Goyo · February 7, 2023, 8:47pm

Of course. In this example all processes share the exponent.

from multiprocessing import Pool

import streamlit as st


def main():
    exponent = st.number_input(label="Exponent", value=0)
    start = st.number_input(label="Start", value=0)
    stop = st.number_input(label="Stop", value=3)
    data = range(start, stop)
    f = RaiseTo(exponent=exponent).compute
    with Pool() as p:
        result = p.map(f, data)
        st.write(result)


class RaiseTo:
    def __init__(self, exponent):
        self.exponent = exponent

    def compute(self, x):
        return x**self.exponent


if __name__ == "__main__":
    main()

ferdy · February 8, 2023, 9:34am

Create a session state variable to save your work. Run other processes as normal but save the result to session state when done.

import concurrent.futures
from concurrent.futures import ProcessPoolExecutor
import time

import streamlit as st


if 'save' not in st.session_state:
    st.session_state.save = []


def task(v):
    """session state does not work here"""
    time.sleep(1)
    return v * v


if __name__ == '__main__':
    num_workers = 2
    jobs = [1, 2, 3, 4, 5, 6, 7, 8, 9]
    processed_jobs = []

    start = st.button('start work')

    if start:
        with ProcessPoolExecutor(max_workers=num_workers) as executor:
            for j in jobs:
                pj = executor.submit(task, j)
                processed_jobs.append(pj)

            for future in concurrent.futures.as_completed(processed_jobs):
                try:
                    res = future.result()
                    st.write(f'res: {res}')

                    # Incrementally save the completed task so far.
                    st.session_state.save.append(res)

                except concurrent.futures.process.BrokenProcessPool as ex:
                    raise Exception(ex)

    if len(st.session_state.save):
        st.write('#### Completed Jobs')
        st.write(f'{st.session_state.save}')

Output

Beni · February 9, 2023, 12:03pm

Thank you both @Goyo and @ferdy for the examples. They’re indeed helpful. I think these can be marked as Solution in a general case.

However, after using them in my code, I realized my issue is actually running multiprocessing in multipage streamlit app. Multiprocessing needs to be run within if __name__ == '__main__': block, otherwise it recursively spawns new processes, and hence the error.

My knowledge on multipage apps is limited. What I would like to do is to streamlit run homepage.py, and from homepage go to other pages, which trigger the call to modules containing multiprocessing code.

Goyo · February 9, 2023, 1:18pm

I don’t see why what you say here would be issues at all.

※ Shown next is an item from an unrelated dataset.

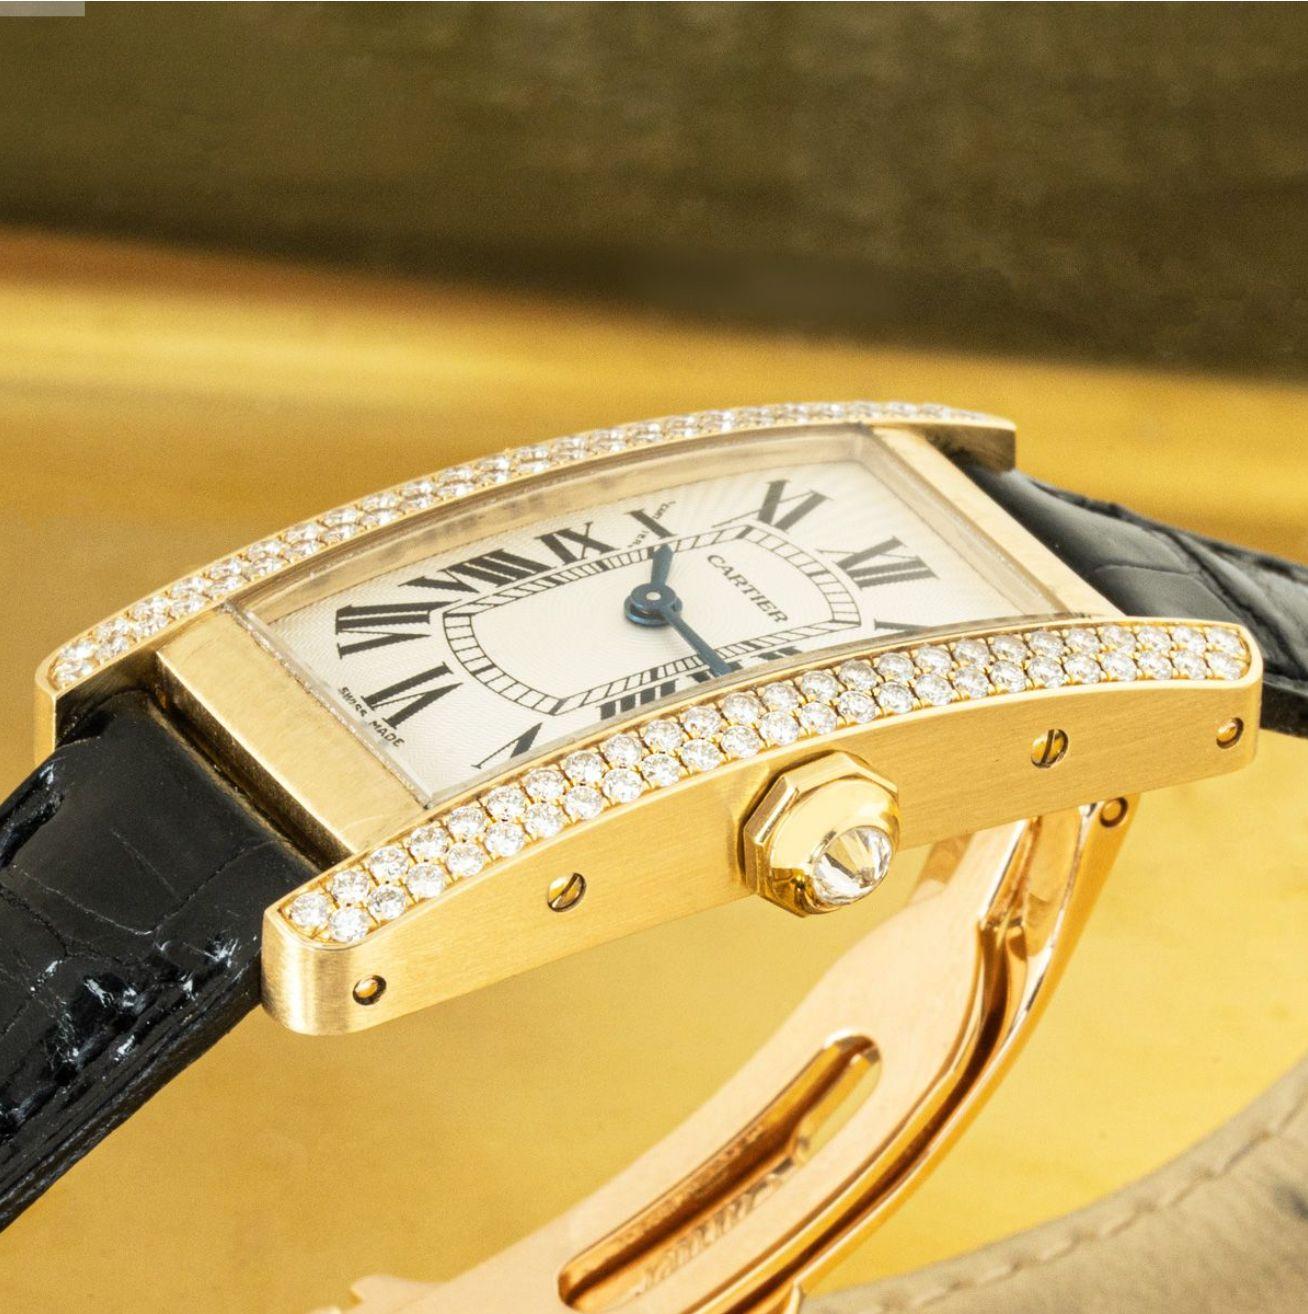 A 19mm Cartier Tank American crafted in yellow gold. Featuring a silver dial with roman numerals, blued-steel sword-shaped hands and a secret Cartier signature at 'X'. Complimenting the dial is a yellow gold bezel set with 98 round brilliant cut

If that is the case, just do it.

Going to a page triggers the execution of that page’s code. That code can import modules, call functions… the kind of stuff code usually does. Multiprocessing or not, it doesn’t matter.

Again, I don’t think we know enough about your issues to give meaningful advice.

ferdy · February 9, 2023, 1:25pm

In the example code that I show, you can save it in workers.py for example and put that under the pages folder.

Beni · February 9, 2023, 2:44pm

This is a simplified version of my code structure (Please note, I made up the names and functions for sharing purposes.):

# homepage.py

import streamlit as st

def some_function():
    # ...


def calculate_encodings():
    st.session_state.dataset_path = st.text_input('The path your dataset:', '')
    if st.session_state.dataset_path != '':
        st.session_state.encodings = some_function()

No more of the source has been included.